The article names Arif Alikhan, assistant secretary of Homeland Security for policy development; Mohammed Elibiary, a member of the Homeland Security Advisory Council; Rashad Hussain, the U.S. special envoy to the Organization of the Islamic Conference; Salam al-Marayati, co-founder of the Muslim Public Affairs Council, or MPAC); Imam Mohamed Magid, president of the Islamic Society of North America, or ISNA; and Eboo Patel, a member of President Obama's Advisory Council on Faith-Based Neighborhood Partnerships.

Read more at http://www.wnd.com/2013/01/egyptian-mag-affirms-brotherhood-infiltration-of-white-house/#ICKm2GrpHdqkIgEz.99​


----------



## pahapoika (Nov 5, 2006)

disgraceful not surprising but disgraceful !


----------



## 7costanza (Aug 29, 2006)

Where do you think the series homeland got its idea.


----------



## Guest (Jan 4, 2013)




----------



## LGriffin (Apr 2, 2009)

Faith-Based Neighborhood Partnerships?
This is an infiltration with a master plan which is being fueled by this administration. They're expanding as a civil rights group when in fact they're hamas.
http://www.granddeception.com/#sthash.WmeGW2Li.dpbs


----------



## LGriffin (Apr 2, 2009)

*Radical Muslim DHS AdvisorFired Amid Allegations Of Accessing Classified Documents*
It's no secret that President Obama, Hillary Clinton, John Kerry, and much of the current administration are staunch Muslim Brotherhood supporters. It's also evident that the Muslim extremism has infiltrated our White House.

With how pro-Muslim Brotherhood the Obama administration is, it's surprising that one of the organization's most open supporters was recently fired, although his cohorts made sure his discharge was as comfortable as possible.

Mohamed Elibiary, whose account features the same "rabia" symbol the gun-toting extremists were sporting at the Muslim Day March in NYC, was dismissed from his position at the Department of Homeland Security.


So, how much of a radical do you have to be to get removed by the Obama administration?

Jihadwatch reports that the "Pro-Muslim Brotherhood DHS adviser let go amid allegations of coverup."

"'The Department also did not find any indication that he sought to disclose any other internal OHS [Office of Homeland Security] information to anyone apart from official use of information within the scope of his role for the Homeland Security Advisory Council.' &#8230;However, documents obtained by Judicial Watch under the Freedom of Information Act contradict DHS's claims and indicate that a proper investigation into Elibiary's actions never even took place."

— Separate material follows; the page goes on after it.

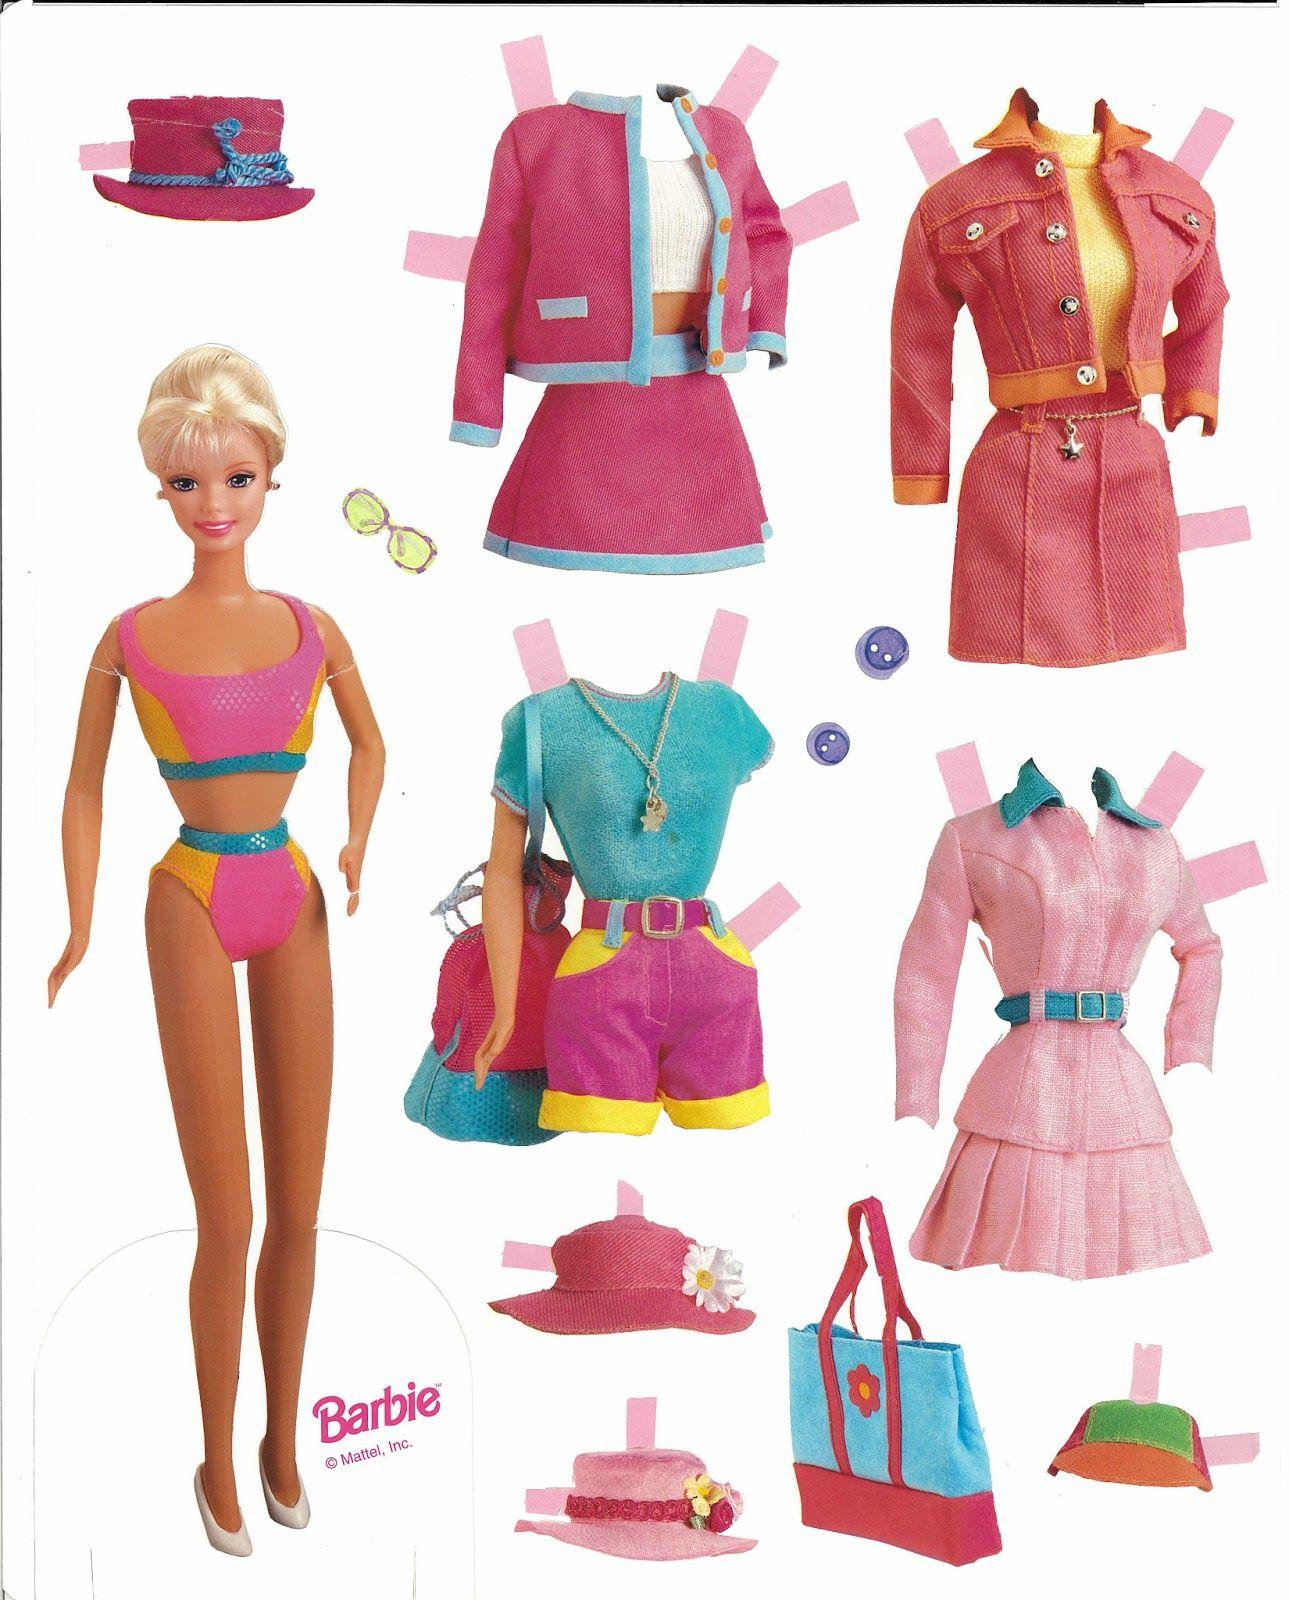 Bonecas De Papel Barbie Com Roupas Para Imprimir Brinquedos De Papel Roupas Para Bonecas Barbie Roupas Para Bonecas Roupas De Boneca De Papel

A few years ago, Elibiary was acclaimed as "the nation's leading deradicalization expert."
A Department of Homeland Security (DHS) adviser long engulfed in controversy over his radical views was let go from his role in the department last week after a long fight by lawmakers and others to revoke the individual's privileges at DHS.

Mohamed Elibiary was until last week a senior member of DHS' Homeland Security Advisory Council (HSAC). After years of controversy about his status at DHS, Elibiary announced his final day with the department on Twitter earlier this month and said he would remain close to the agency.

Media outlets have raised questions about the circumstances surrounding his departure, speculating that his provocative comments about the "inevitable" return of the Muslim "caliphate" may have played a role.


Washington Free Beacon has obtained documents that indicate Elibiary had no choice in his resignation. *It's believed that he was let go after an investigation into allegations that he improperly accessed and used classified materials obtained with his security clearance.*

Elibiary maintains that America is "an Islamic country with an Islamically compliant constitution" and defends the Muslims Brotherhood.
http://universalfreepress.com/radic...llegations-of-accessing-classified-documents/


----------



## Killjoy (Jun 23, 2003)

What's sad is that with these backgrounds none of the these clowns could even make it through step 1 of a background check for a job in the FBI or even a local police department, yet, here they are; making national security policy for our country. Disgraceful.


----------



## Johnny Law (Aug 8, 2008)

If even half of it is true, he should be terminated with extreme prejudice


----------



## Pvt. Cowboy (Jan 26, 2005)

I should probably buy more guns and ammo...


----------